The first book printed in France: Epistolae ("Letters"), by Gasparino Barzizza. It was printed in 1470 by the press established by Johann Heynlin.

Gasparino Barzizza (in French, Gasparin de Bergame; in Latin, Gasparinus Barzizius Bergomensis or Pergamensis) (c. 1360 – 1431) was an Italian grammarian and teacher noted for introducing a new style of epistolary Latin inspired by the works of Cicero.

With Pier Paolo Vergerio the Elder, he was influential in the development of humanism at Padua. As one of the first Italian Humanists, he taught rhetoric, grammar, and moral philosophy with the aim of reviving Latin literature.

==Biography==
Born Gasparino di Pietrobuono in the village of Barzizza, near Bergamo, he studied grammar and rhetoric at Pavia. Remaining there to teach from 1403 to 1407, he subsequently moved to Venice to serve as private tutor to the Barbaro family.
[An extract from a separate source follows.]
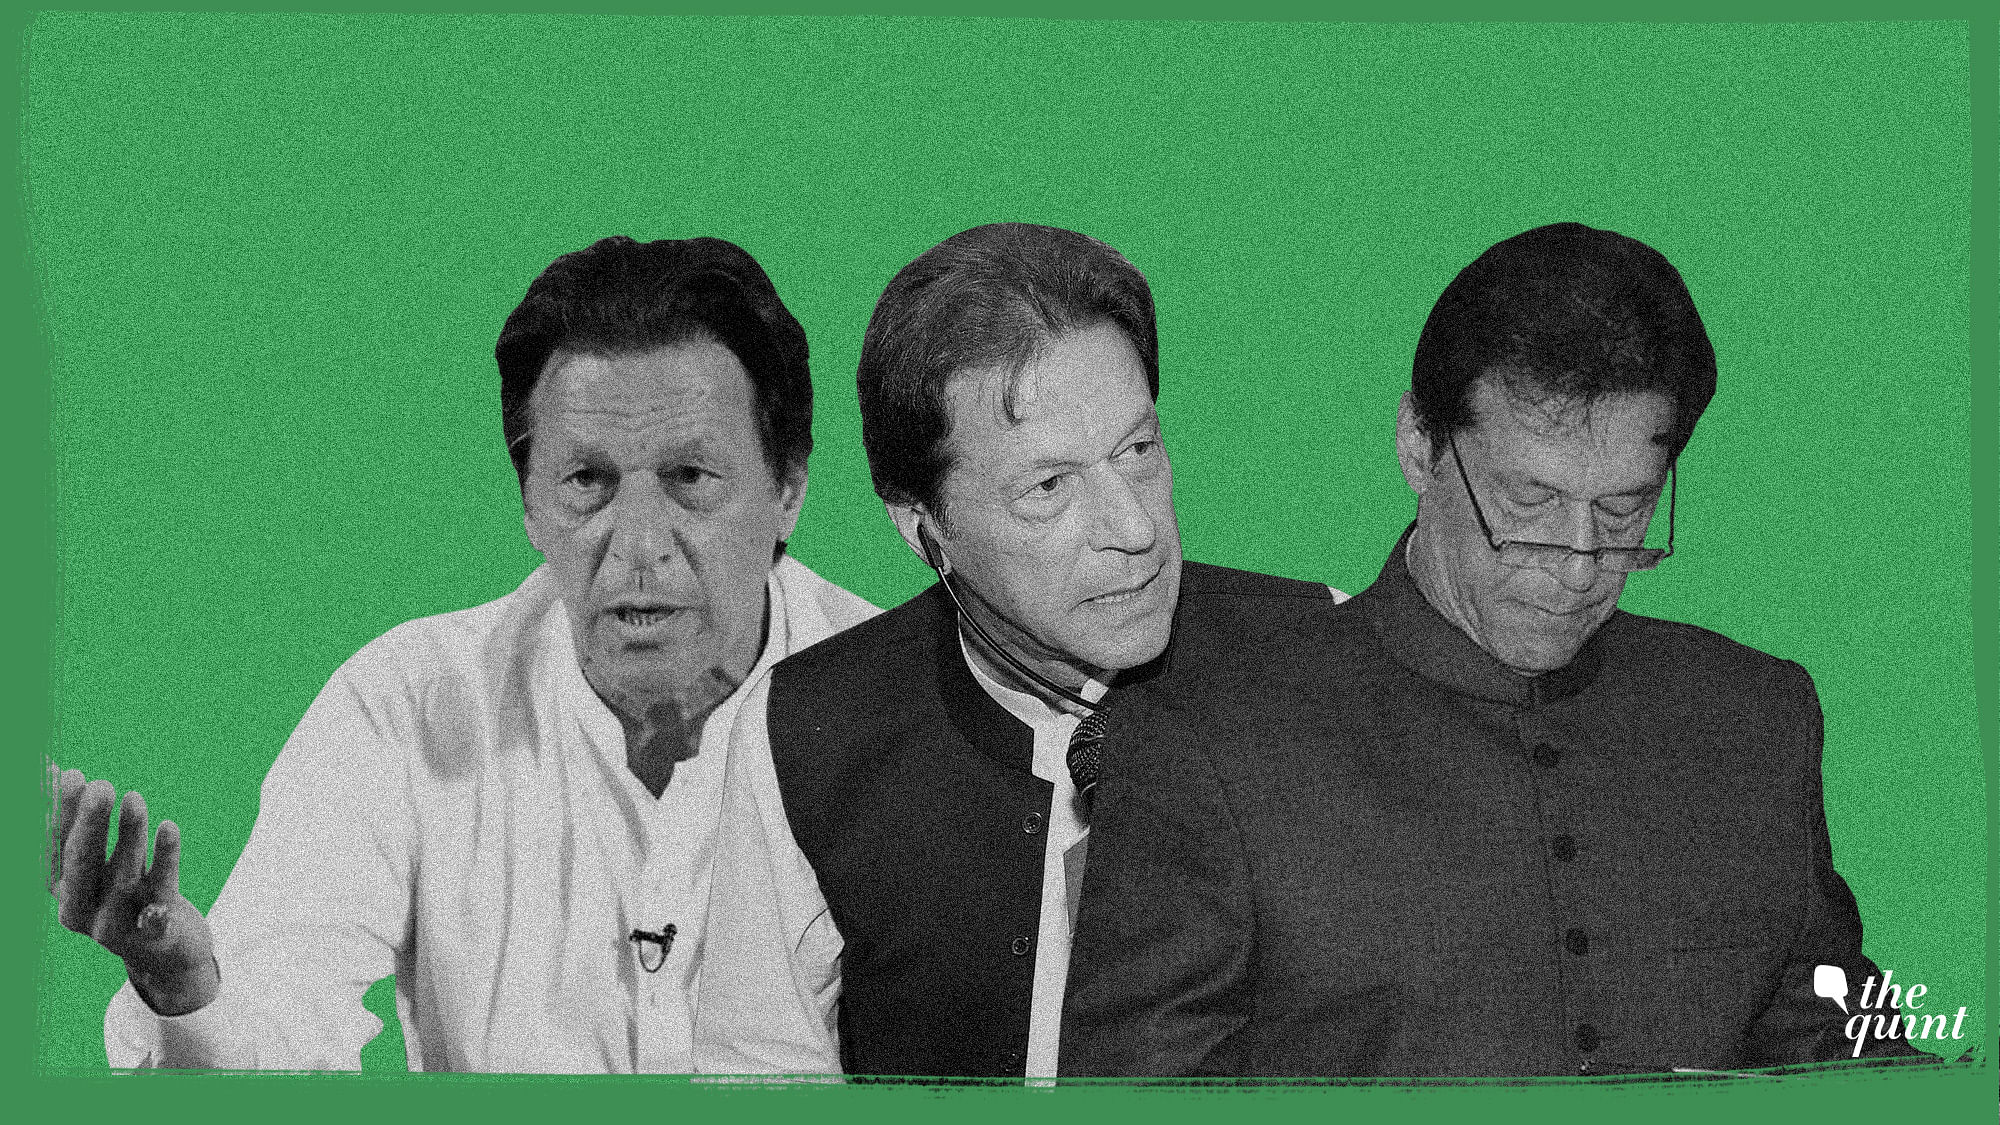 Prime Minister Imran Khan needs to let go of the attacks on his opponents and embrace the issues of the rest of the country.

His nephew was Antonio Barzizza.

Unable to find backing in Venice in order to establish a school there, Gasparino then taught at Padua (1407–21), enjoying his most productive writing period, where his reputation as a teacher and scholar was established. He was appointed to lecture there on rhetoric and on authors such as Seneca, Cicero, Virgil, and Terence. He also established the elementary school, which offered a humanist curriculum. Both Vittorino da Feltre and Leon Battista Alberti owed their boyhood education to him. Antonio Beccadelli, called "Il Panormita", also studied under him. Other famous students include Francesco Filelfo and Stefano Fieschi.

He then taught at Ferrara, and on the invitation of Filippo Maria Visconti, opened an elementary school at Milan in 1418, to be organized along the same lines as Gasparino's school at Padua. He taught at Milan from 1421 and also served as Visconti's court orator.

Gasparino also served as secretary to Pope Martin V and in this capacity attended the Council of Constance. Gasparino died at Milan around 1431, after which Lorenzo Valla succeeded him as chair of rhetoric in Pavia.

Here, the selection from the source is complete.